First appearance: Nao Tokui on Medium.
This is a blog post on my latest project, Imaginary Soundscape: Cross-Modal Approach to Generate Pseudo Sound Environments [PDF], presented at NIPS 2017 workshop, Machine Learning for Creativity and Design.
Imaginary Soundscape is a web-based sound installation, where viewers can freely walk around Google Street View and immerse themselves into the artificial soundscape “imagined” by our deep learning models. (I know imagine is not scientifically correct to describe the process. That’s why I double quoted it.)
Please be noted that the site is compatible with Chrome and Firefox browsers on PC only. The support for Safari and smartphone browsers is coming later.
This is a sound file recorded in 2002 by myself. Back then, I was so intent on field-recording, always carried and used a hand-made binaural microphone and an MD-recorder. Every time I listen to the sound, it recalls the memory of my first trip to abroad with the feeling of anxiety, nervousness, and excitement I felt as a 20-something student.
Needless to say, the sound has a unique potential to bring scenes/memories to mind (often more potent than the vision). When you hear something, you can imagine sights (and even smells) based on the sound, as if you were there. I personally have been intrigued by the concept of “soundscape” and the imagination stirred by the sound. Back in 2015, I made a microphone for 360-degree cameras, based on an old technical theory called Ambisonics.

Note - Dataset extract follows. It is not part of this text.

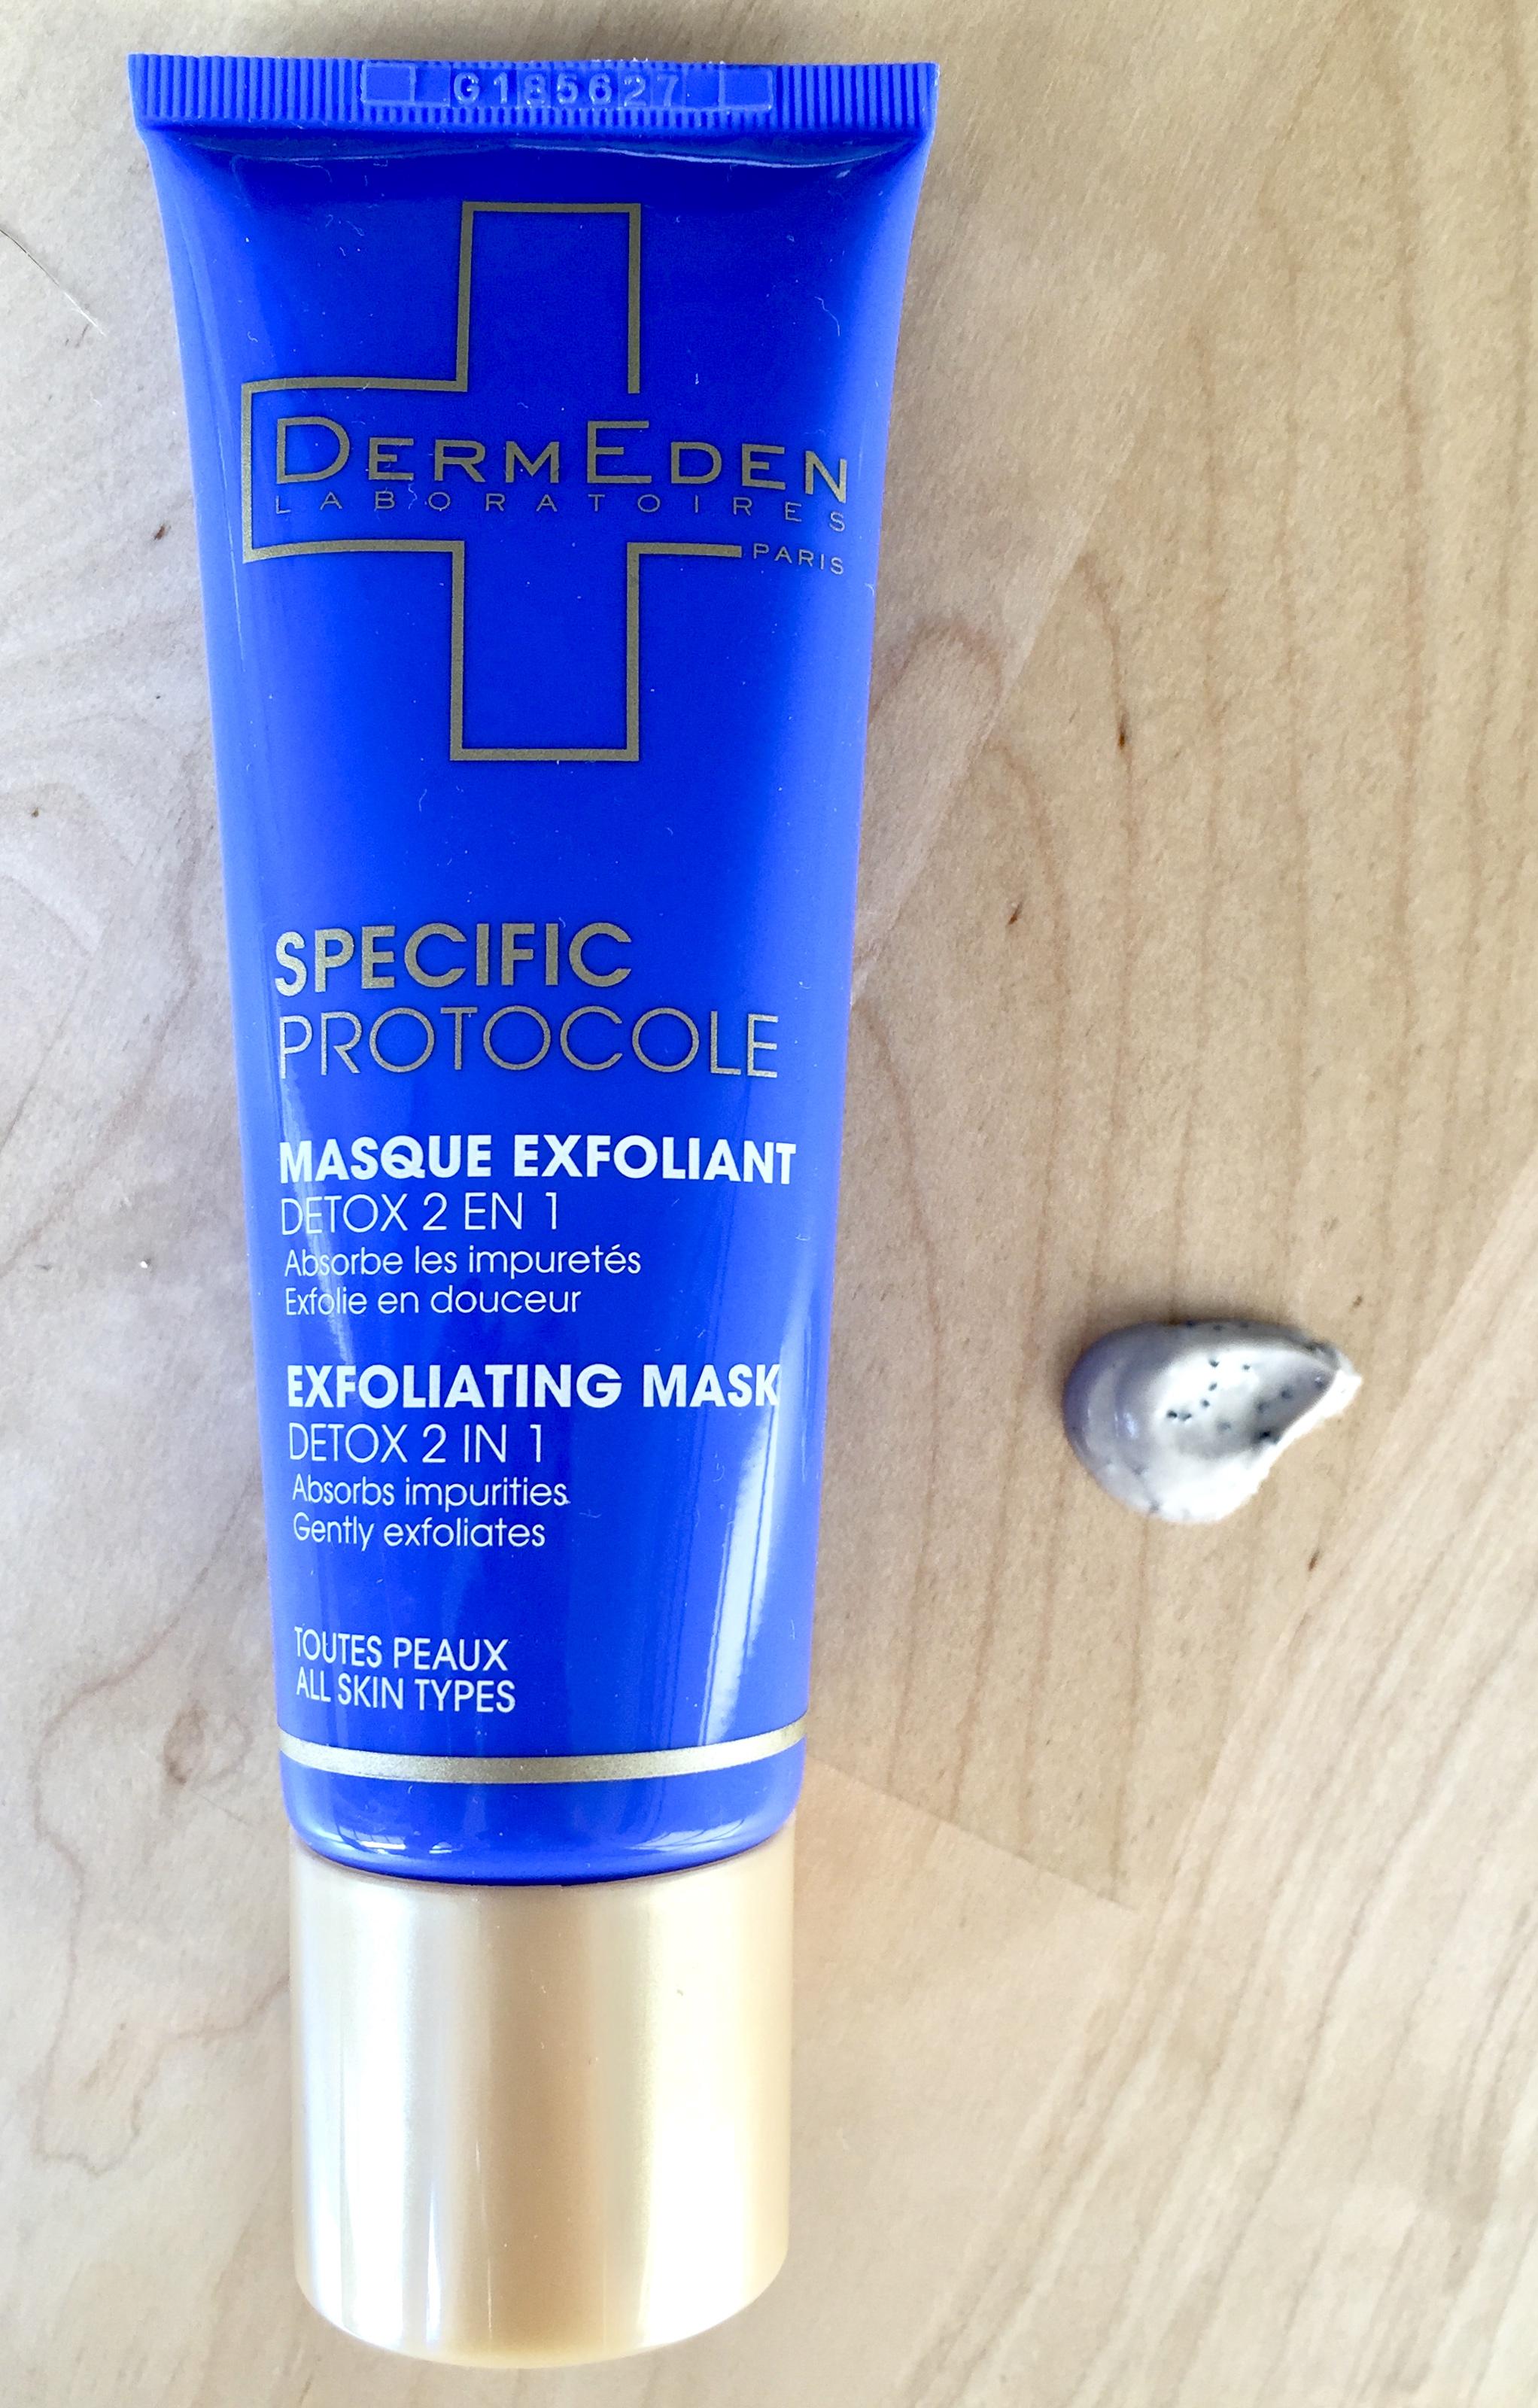 Dermeden masque exfoliant detox

A soundscape is any collection of sounds, almost like a painting is a collection of visual attractions. When you listen carefully to the soundscape it becomes quite miraculous.—R. Murray Schafer
In 2016, I was fortunate to get involved with a music video of Brian Eno (He is THE idol for me!!). The Ship — Brian Eno’s Generative Movie was a website, where a CNN-based system keeps analyzing incoming photos from various news sources, finds “similar” photos from a historical photo archive and juxtaposes them in a very very slow way. The concept was to make AI look back the history of the human being.
When we tested the system, something like the following happened frequently (left: input photo / right: photo picked by AI). It’s easy to say “it’s not correct”, but at the same time, we found it fascinating as if AI fantasized based on the input images.
These interests in the soundscape and fantasizing AI led to my latest project, Imaginary Soundscape.
As I wrote, one can imagine scenes from a sound. Conversely, by taking a glance at a photo, we can imagine sounds we might hear if we were there. Can an AI system do the same? If so, what if we apply the method to images of Google Street View, so that we can walk around with the generated soundscape? This relatively straight-forward fantasy ended up as a website called Imaginary Soundscape.
By taking a glance at a photo, we can imagine sounds we might hear if we were there. Can AI do the same?
Many researchers around the world have been working on Cross-modal information retrieval, such as image-to-audio, sound-to-image, sound-to-text, using Deep Learning. We have introduced some of these researches on our website, createwith.ai (in Japanese). Our implementation of this project was based on research done by researchers at MIT.
In this research, they used two types of Convolutional Neural Networks(CNN), one for images of video frames and the other for spectrogram images of audio and Flickr 100M video dataset for training. For images, pre-trained standard CNN models for image recognition were used (namely VGG model for ImageNet and PlacesNet for Places dataset). Then they trained the second network(SoundNet), such that the output of SoundNet has similar distribution with the output of pre-trained well-established models for the image as much as possible, with respect to the input of a sound and its corresponding video frame.
Once trained, the rest was straightforward. For a given image from Google Street View, we can find the best-matched sound file from a pre-collected sound dataset, such that the output of SoundNet with the sound input is the most similar to the output of the CNN model for the image. As the sound dataset, we collected 15000 sound files from internet published under Creative Commons license and filtered with another CNN model on spectrogram trained to distinguish environmental/ambient sound from other types of audio (music, speech, etc.).
Our short paper on this project got accepted at NIPS 2017 workshop, Machine Learning for Creativity and Design. If you are interested in more detail about the project, please refer to the paper.
Here is a short video to show how the website works. I find it interesting to see/hear that the model (apparently) takes into account the acoustic features of the scenery. For example, in a scene of a church (La Sagrada Familia in Barcelona), you can hear sounds with very strong reverberation.
The system cannot infer matched sound with accuracy and makes mistakes (In the video, the model seems to misunderstand the inside of Tokyo Dome ballpark as a racing circuit or something). Even though, or for this very reason, I find it intriguing.
Feel free to search your favorite places and walk around them. I’d love to hear what you think! Special shout out Yuma Kajihara for working on the website and the paper!